Visit www.rondagates.com for a complimentary subscription to Ronda’s weekly email newsletter.


An early-morning walk is a blessing for the whole day.

— Henry David
Thoreau

The Choice Is Yours:
Overcoming Self-Defeating Behaviors

Have you ever said, “I know what I need to do, I just can’t seem to do it”?

I’ve yet to meet someone who denies the presence of this inner critic who raises its ugly head too often to remind us of our inadequacies — including our failure to maintain a commitment to ourselves or to others.

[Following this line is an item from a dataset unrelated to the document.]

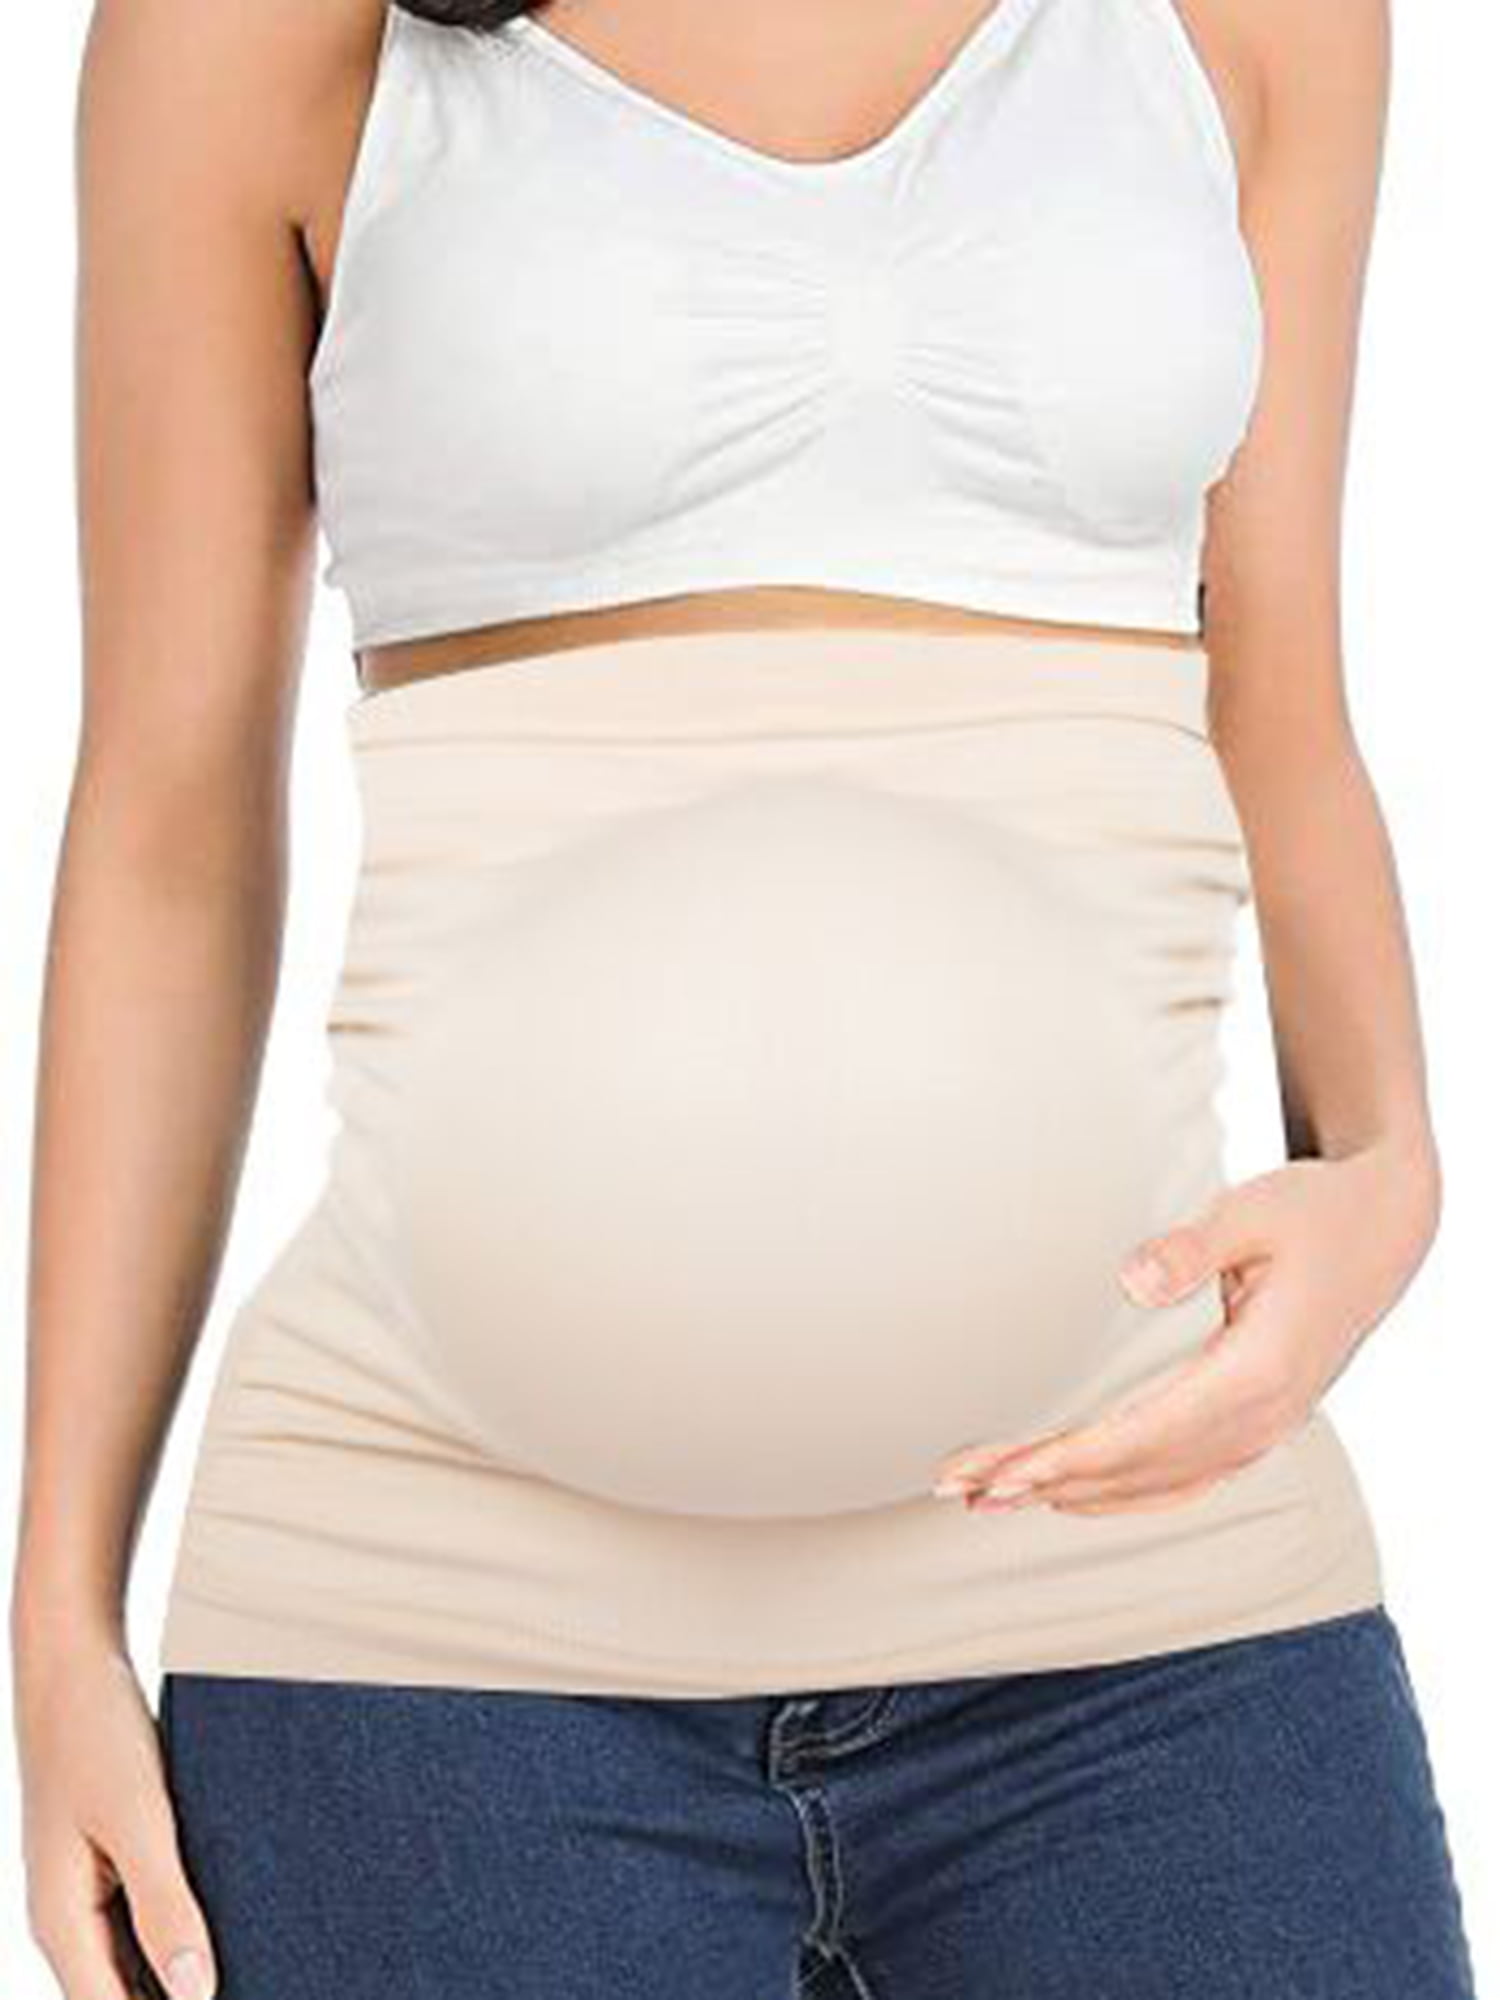 Lelinta - SAYFUT Plus Size Maternity Belly Band Women Abdomen Support ...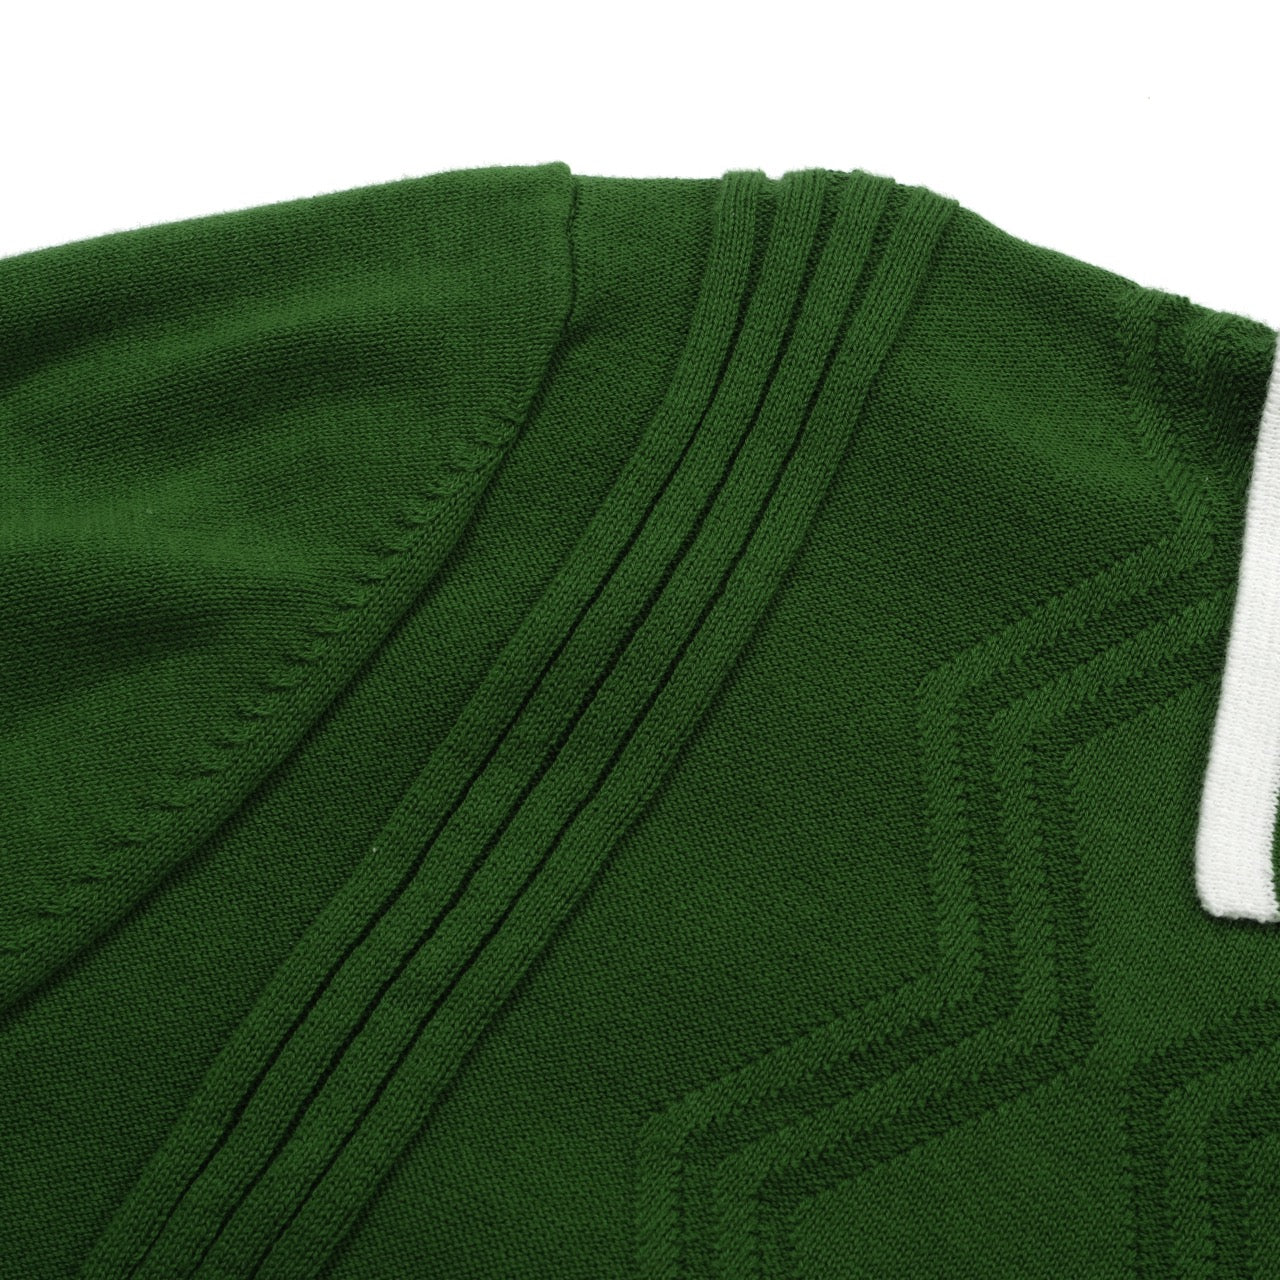 OXKNIT Men Vintage Clothing 1960s Mod Style Casual Dark Green Knit Retro Polo

Take Jean for example. Every year, as the calendar turns to April, Jean can’t sleep. Her head aches and she finds herself exercising more than she needs to. The root cause of Jean’s insomnia, headaches, and escape to exercise is anxiety about the forthcoming tax deadline. After last year’s eleventh-hour exercise in frustration, Jean purchased a computer program to record her expenditures, balance her check book, and fill out her tax forms. Despite initial enthusiasm, she never got around to installing the program. Now, with a filing deadline looming, she is frantically attempting to find her W-2 forms, bank statements, and donation receipts. All the while she beats herself up for procrastinating every time she thought about getting the program installed. “I know what I need to do; I just can’t seem to do it.”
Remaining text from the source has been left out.